Search code examples
mysqldatabasesolrsolrj

How to query SOLR with 98,000 ids without getting maxBooleanClause exception


Our Spring Java website's MySql database has got the following tables

  • CUSTOMER
  • PRODUCT
  • PRODUCT_CUSTOMER_XREF (Customers who bought a product)
  • CUSTOMER_CUSTOMER_XREF (Customers who are friends with other customer)

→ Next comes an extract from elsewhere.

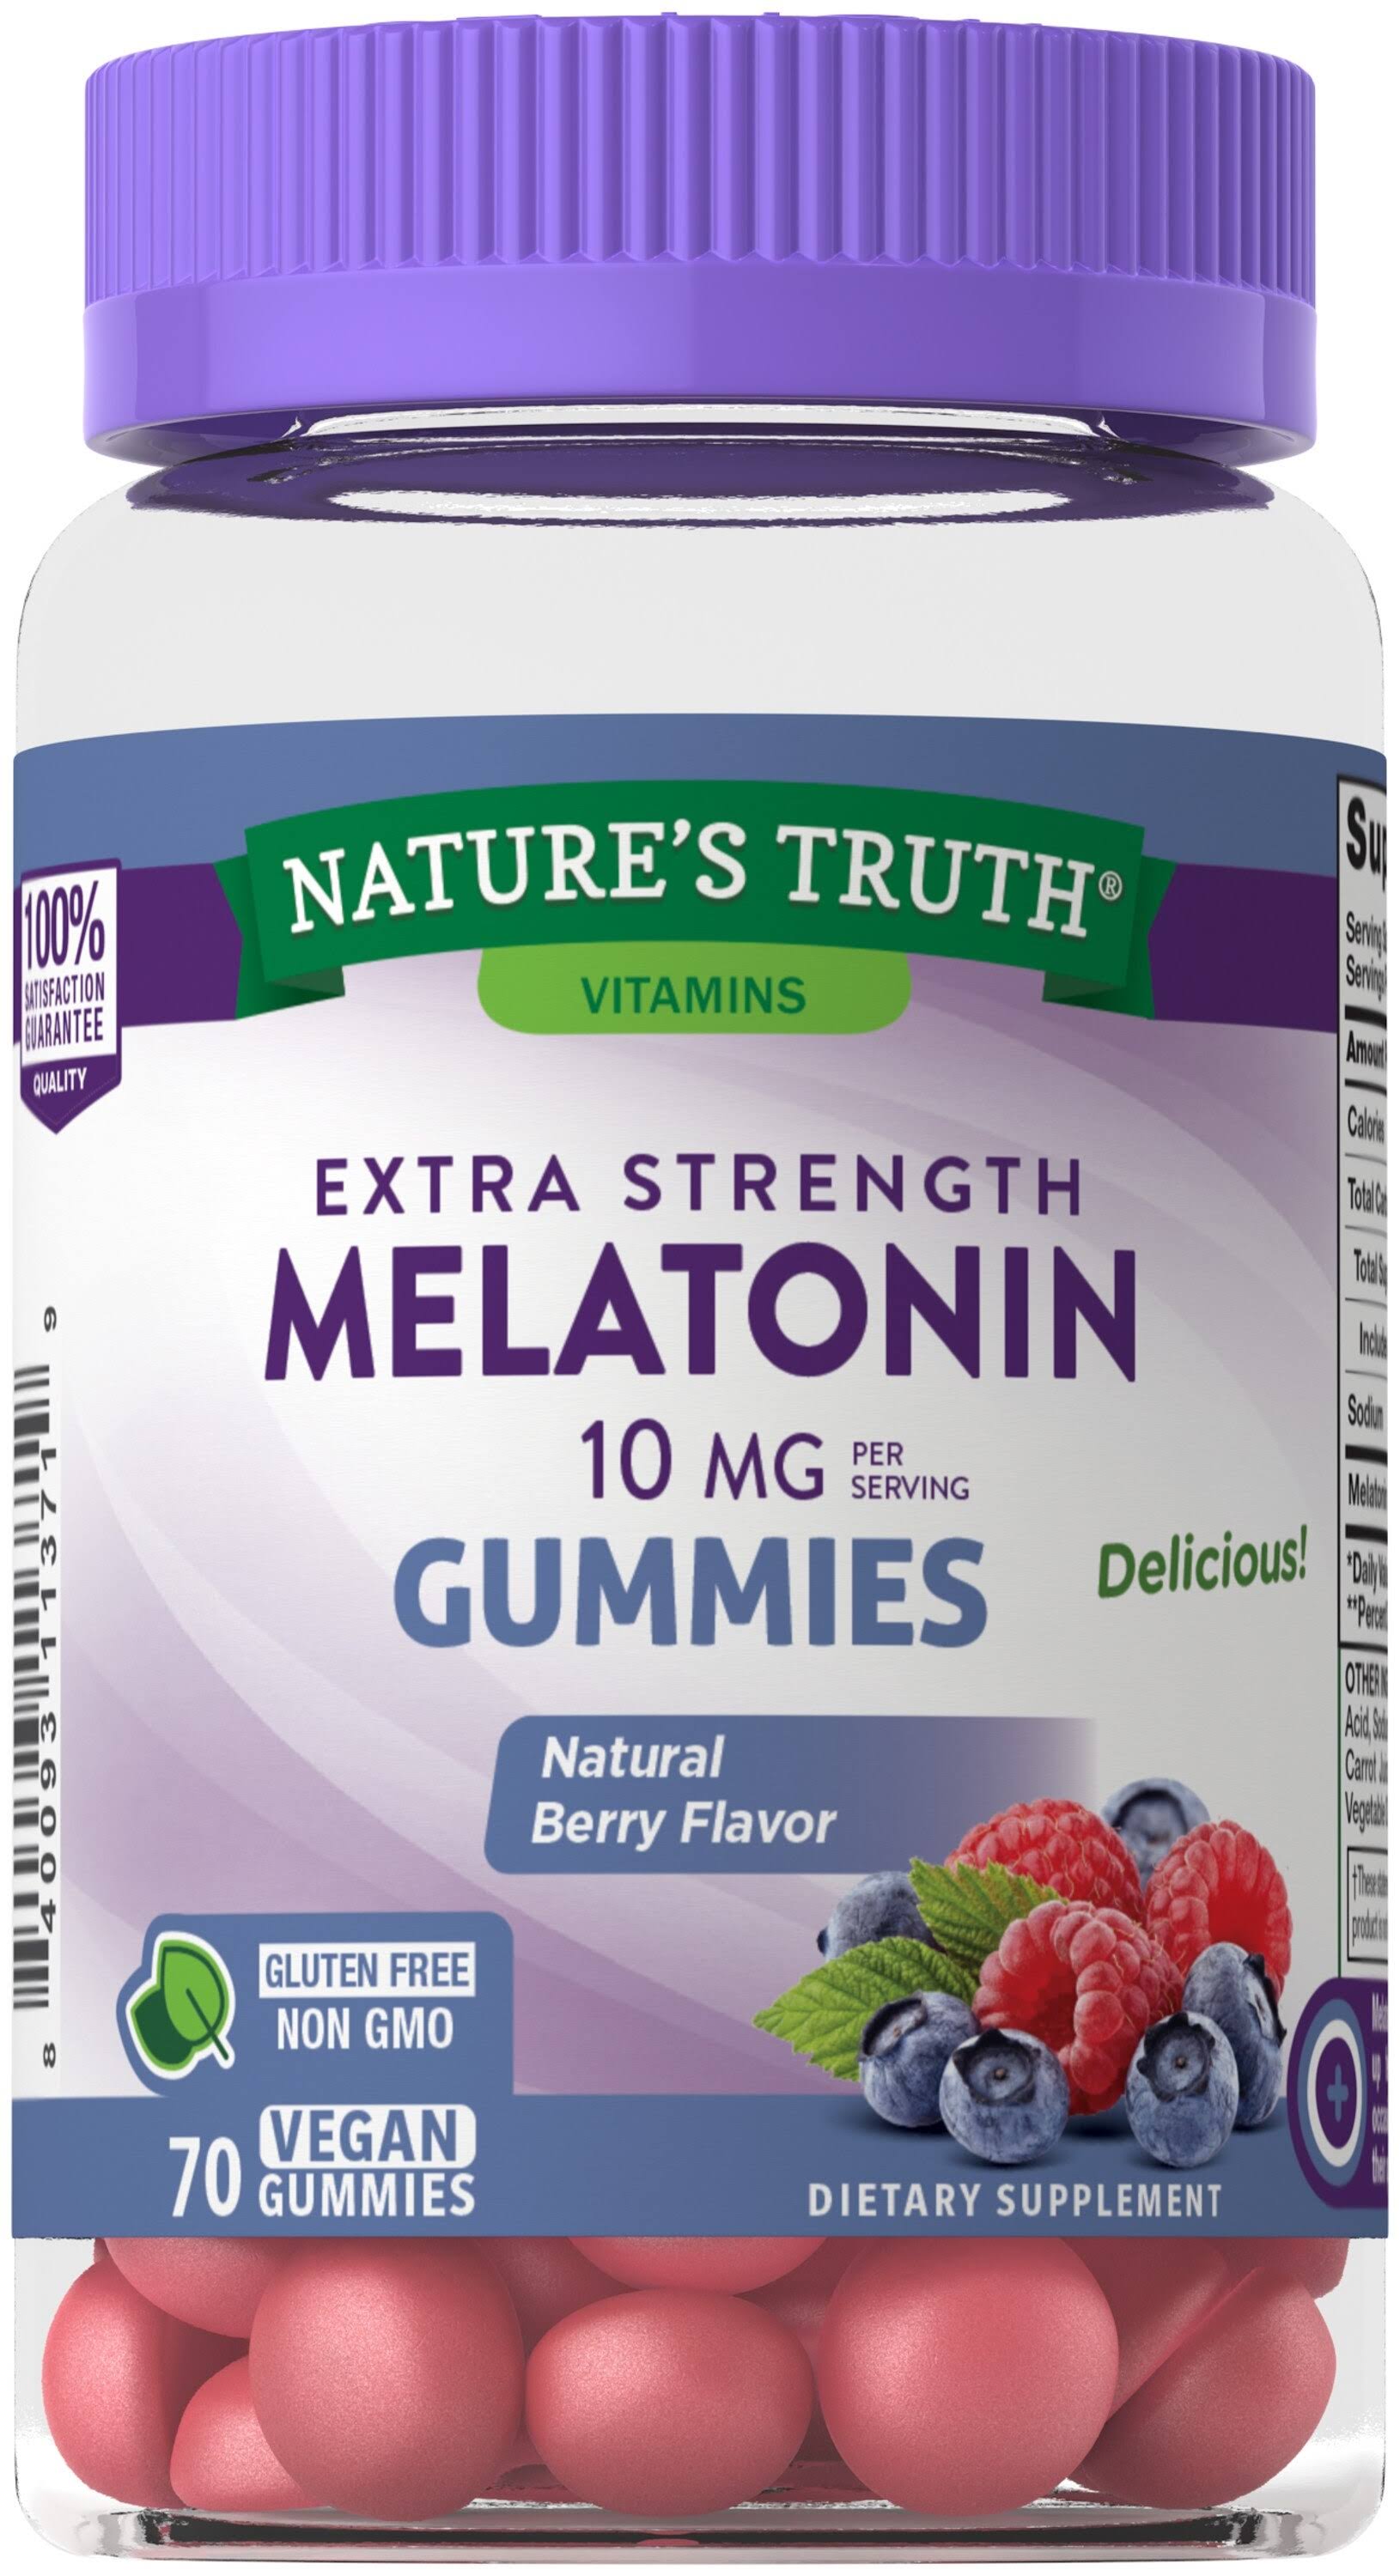 Nature's Truth Melatonin, Extra Strength, 10 mg, Gummies, Natural Berry Flavor - 70 gummies

in SOLR we've indexed all PRODUCTS which have a unique id which is PRODUCT_ID.

My job

  • Display PRODUCTS current logged in CUSTOMER's friends bought in the past.
  • Let customer search for product descriptions and product reviews of Customers friends done in that past

Steps I used

  • SQL Query Get friends of current logged in CUSTOMER ( returns 500 CUSTOMERS)
  • JOIN SQL QUERY Get the PRODUCT(s) purchased by every friend CUSTOMER (returns 98,000 PRODUCTS_ID). This could possibly return 500,000
  • SOLR query id:(1 2 3 4 5 ....98000) returns maxBooleanClause exception.
  • MySQL Query - Get friends of Customer who bought or commented on the returns Product ids.

Problem - solr query

  • I cannot query for 98,000+ products in SOLR because this return maxBooleanClause exception. I can increase the maxBoolean in solr-config.xml file but this seems like a bad practice consider this number be in 100 of thousands.
  • I can add 98,000+ queries for the same field but this sounds like a bad practice aswell.
  • Costly to send 98,000+ ids to SOLR server over HTTP post.

Can someone please help me with a solution ?

Additional Note:I was thinking if there is a way I can group all CUSTOMER_IDs who bought or commented on a particular product into 1 number or token or some sort and then check if the logged in CUSTOMER's ID friends IDs belong to that group. But haven't figured out a formula yet.


Solution

  • I would try something like this ...

    Solr Index

    Person

    • Id
    • Name
    • Friends
    • Products_Purchased

    Products

    • Id
    • Title

      1. 1st Query - fq=friends:id&facet.field=Products_Purchased
      2. This would limit the results to only the Persons, the User is friend with
      3. Also the facet on the products purchased, would be Order by the Count of the Products
      4. This will also make sure you have unique ids for Products.

      5. 2nd Query - I would use these Ids to query solr probably in the batch of 20-50 max with pagination.

      6. Pagination is valid for facets as well, so you can Navigate the results.